Kedua, kita menjadi lebih waspada untuk memperhatikan apa saja yang akan kita injak, mungkin ada binatang kecil berbisa, batu atau mungkin tonggak tajam, intinya kita lebih memperhatikan tiap langkah. Konsentrasi secara penuh dengan kesadaran. 

Ketiga, kita bisa bersentuhan langsung dengan bumi tempat kita lahir dan tinggal. Lebih mudah merasakan lembutnya lumpur, tajamnya batu, empuknya rumput hingga sejuknya air yang kita lewati. 

Melakukan seperti warga Baduy Dalam tanpa alas kaki seterusnya, tentu sulit dan tidak mungkin bisa kita lakukan, paling tidak saya sudah merasakannya, dan harusnya tetap dilakukan sekali seminggu, ataupun sebulan sekali kalau tidak ada waktu, Tapi tetap sesekali harus kita lakukan agar tubuh sehat, ini refleksi gratis dari alam semesta.

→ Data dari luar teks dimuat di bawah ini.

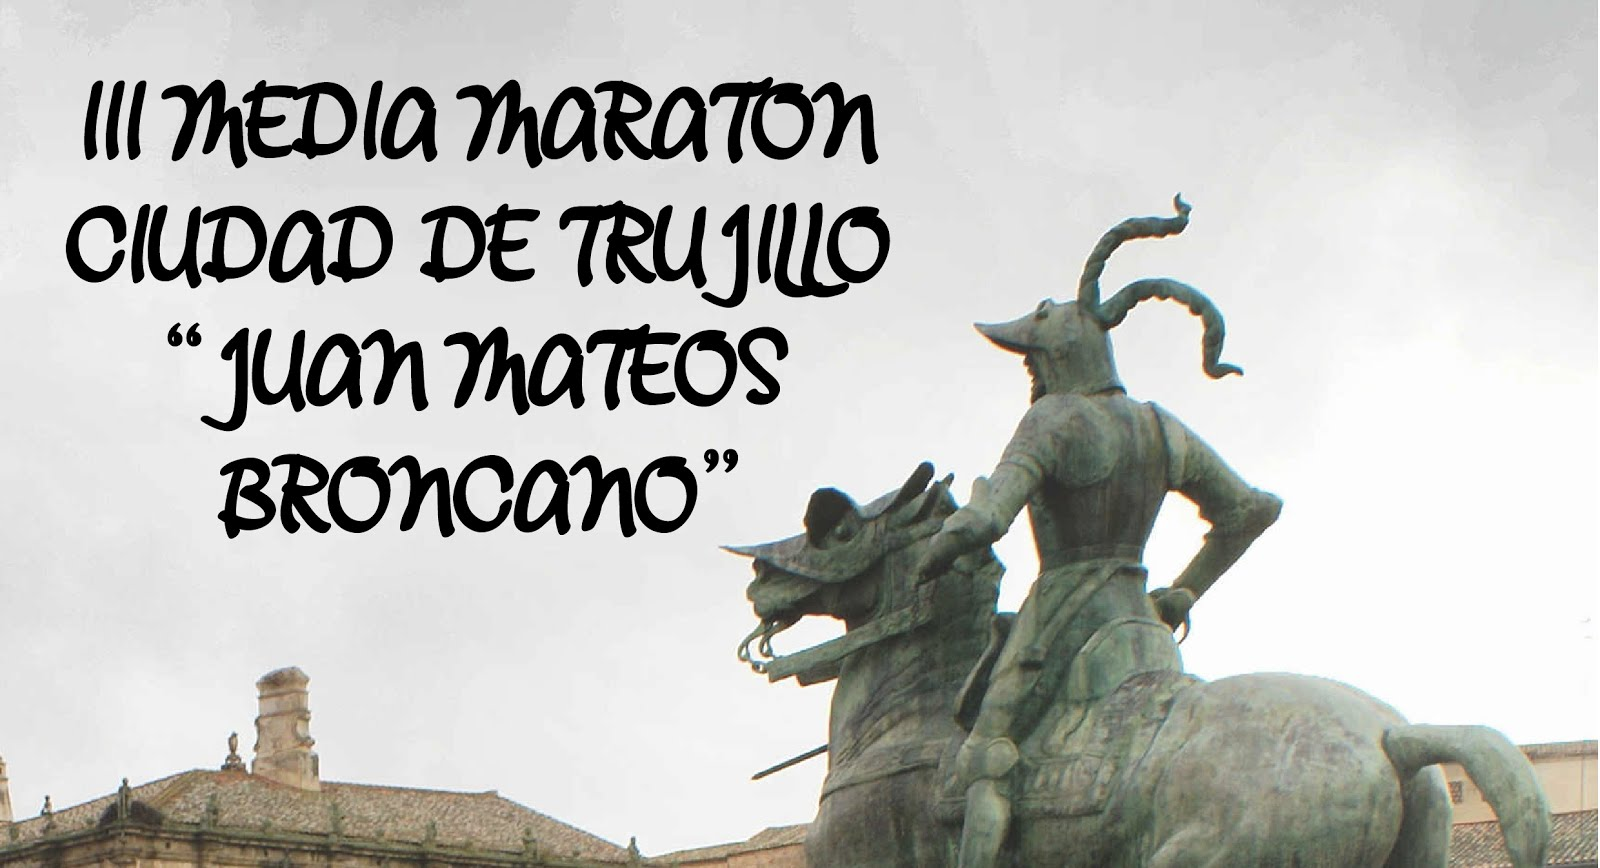 "III MEDIA MARATON CIUDAD DE TRUJILLO ""JUAN MATEOS BRONCANO"""

Coba, rasakan dengan baik dan buktikan apa yang saya alami. Jangan mudah menyerah kalau ada rasa sakit di awal, lanjutkan, cuman sebentar kok sakitnya, setelahnya telapak kaki kita akan terbiasa. Maka itu orang di desa sehat-sehat ya, selain udaranya memang bersih.

Salam satu jiwa untuk sehat jiwa dan raga, bersentuhan langsung dengan alam memang luar biasa.